Stored data:

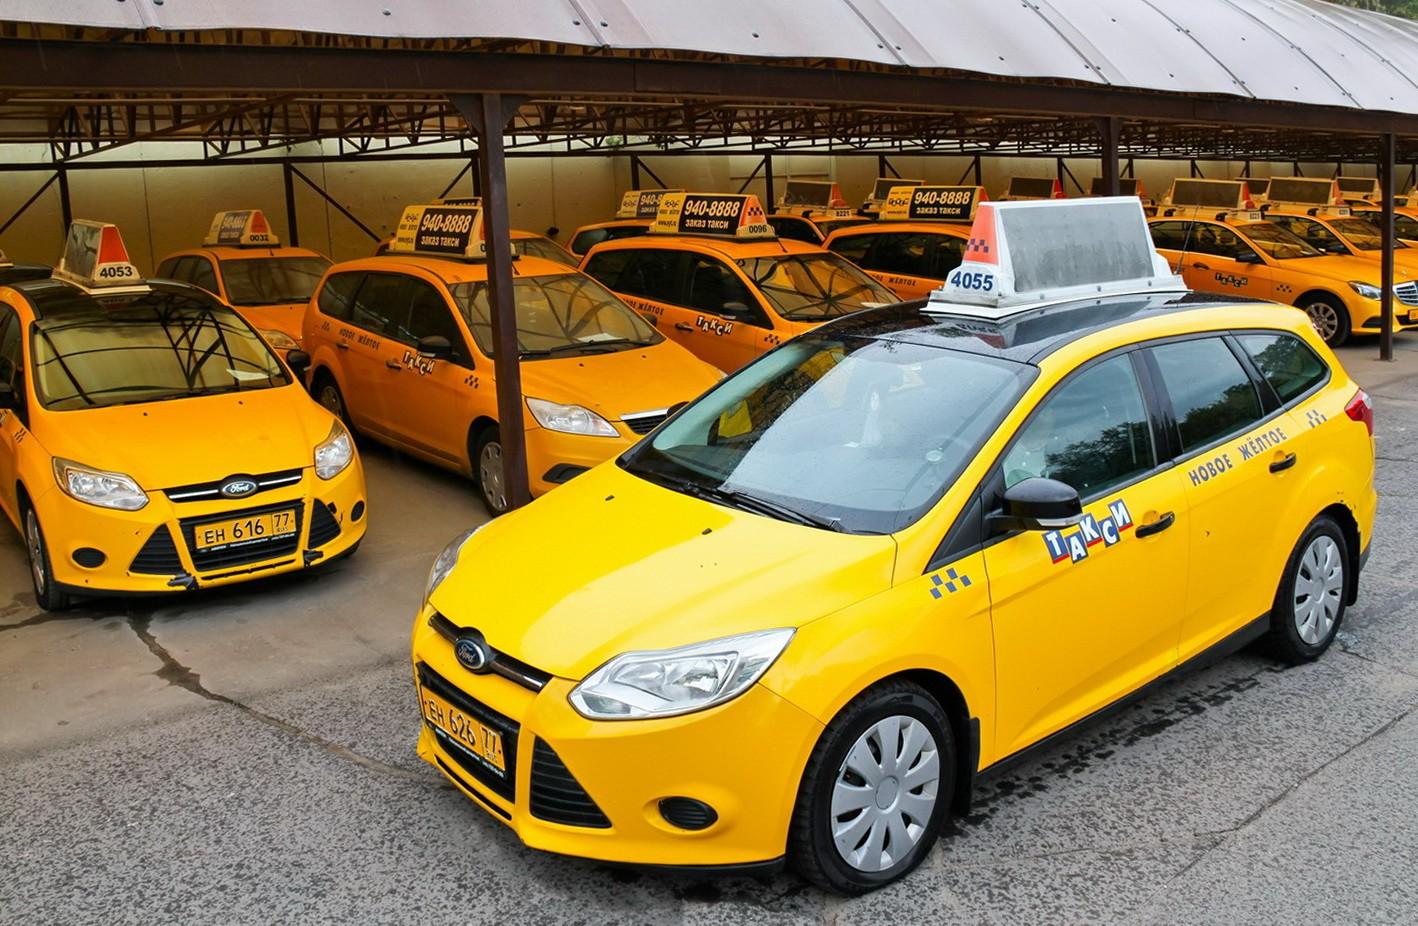 Названы самые известные автомобили такси в РФ
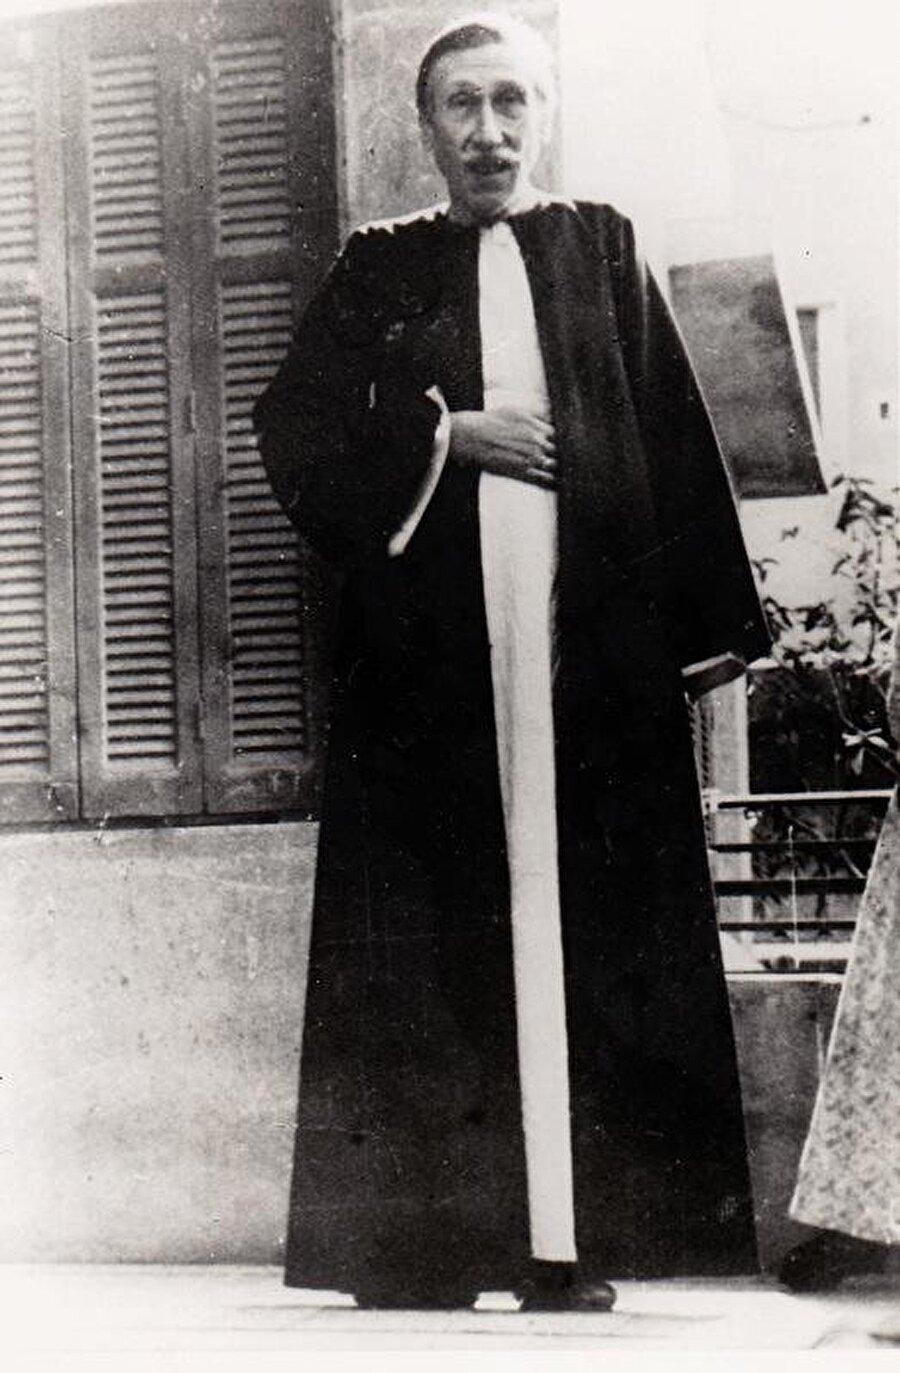 Guénon Mısır'ı ikinci kez ziyaret ettiğinde bir daha ayrılmamak üzere Kahire'ye yerleşti.
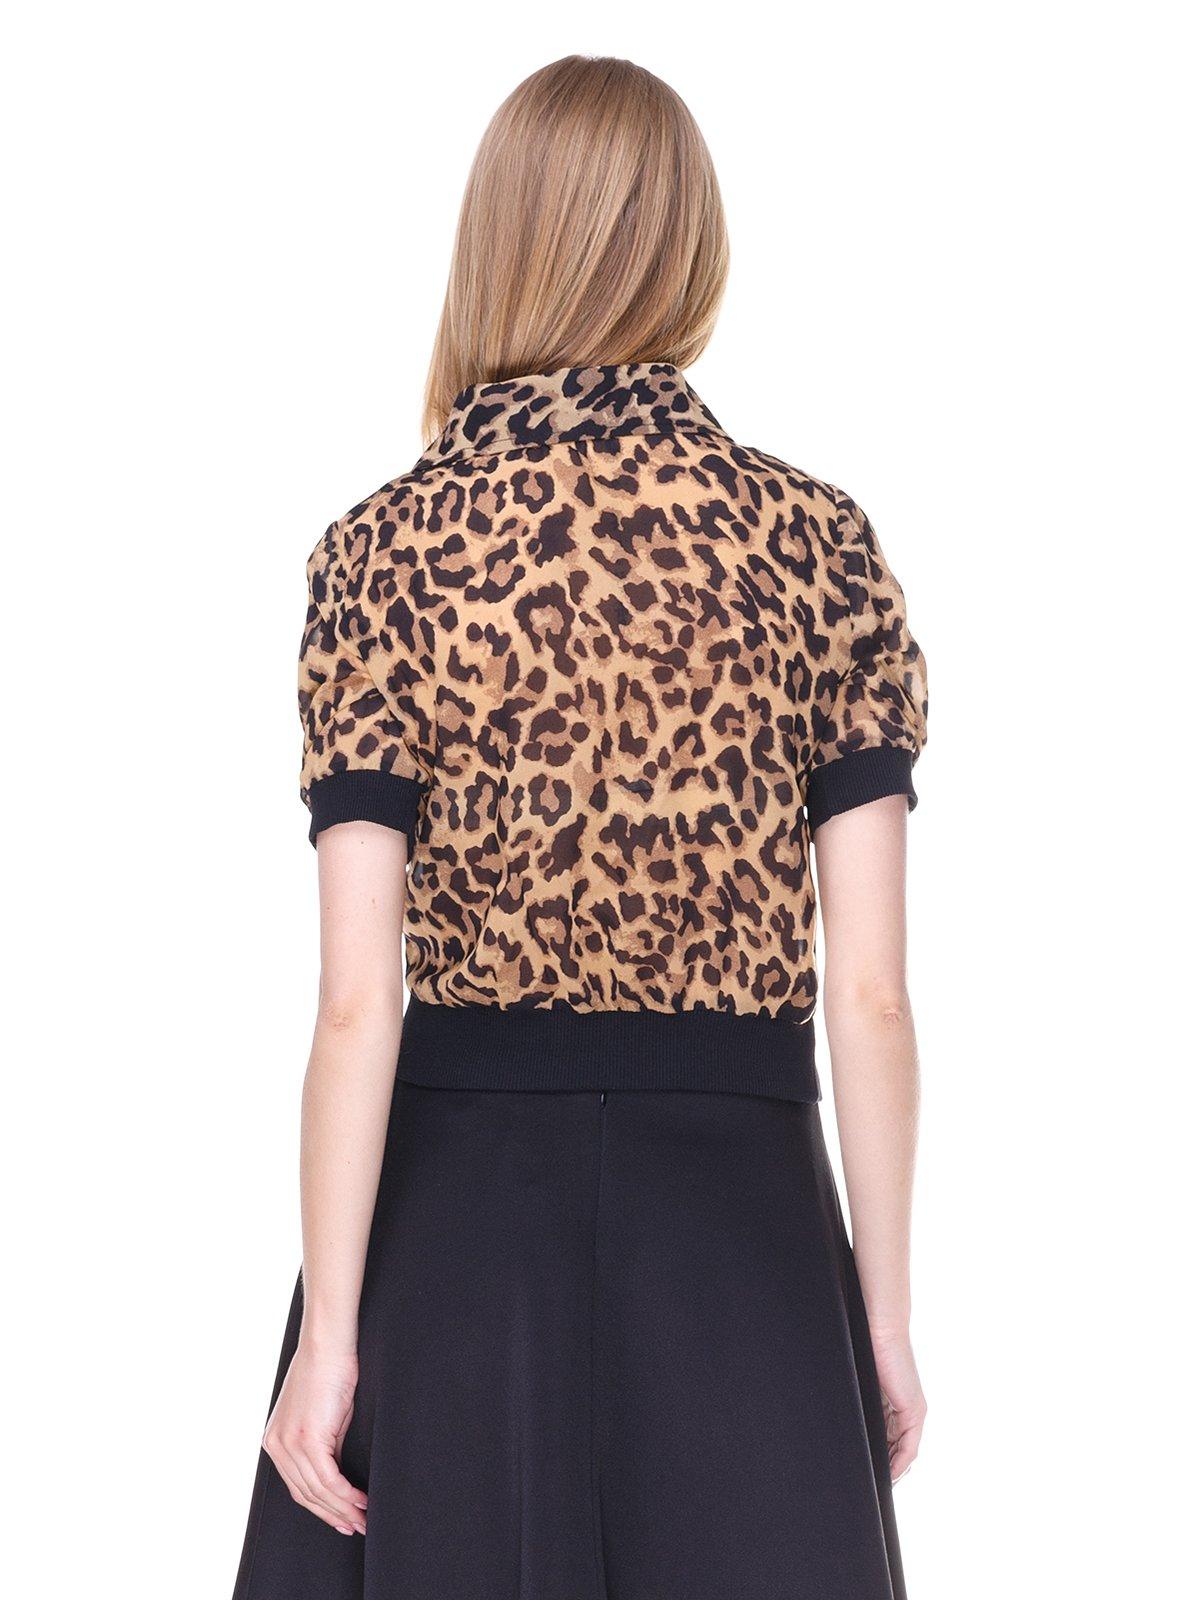 Блуза коричневая с анималистическим принтом | 2273967 | фото 2

Task directions:
Word for word, restate all of the material above except its pictures.

Written answer:
 Названы самые известные автомобили такси в РФ
 Guénon Mısır'ı ikinci kez ziyaret ettiğinde bir daha ayrılmamak üzere Kahire'ye yerleşti.
 Блуза коричневая с анималистическим принтом | 2273967 | фото 2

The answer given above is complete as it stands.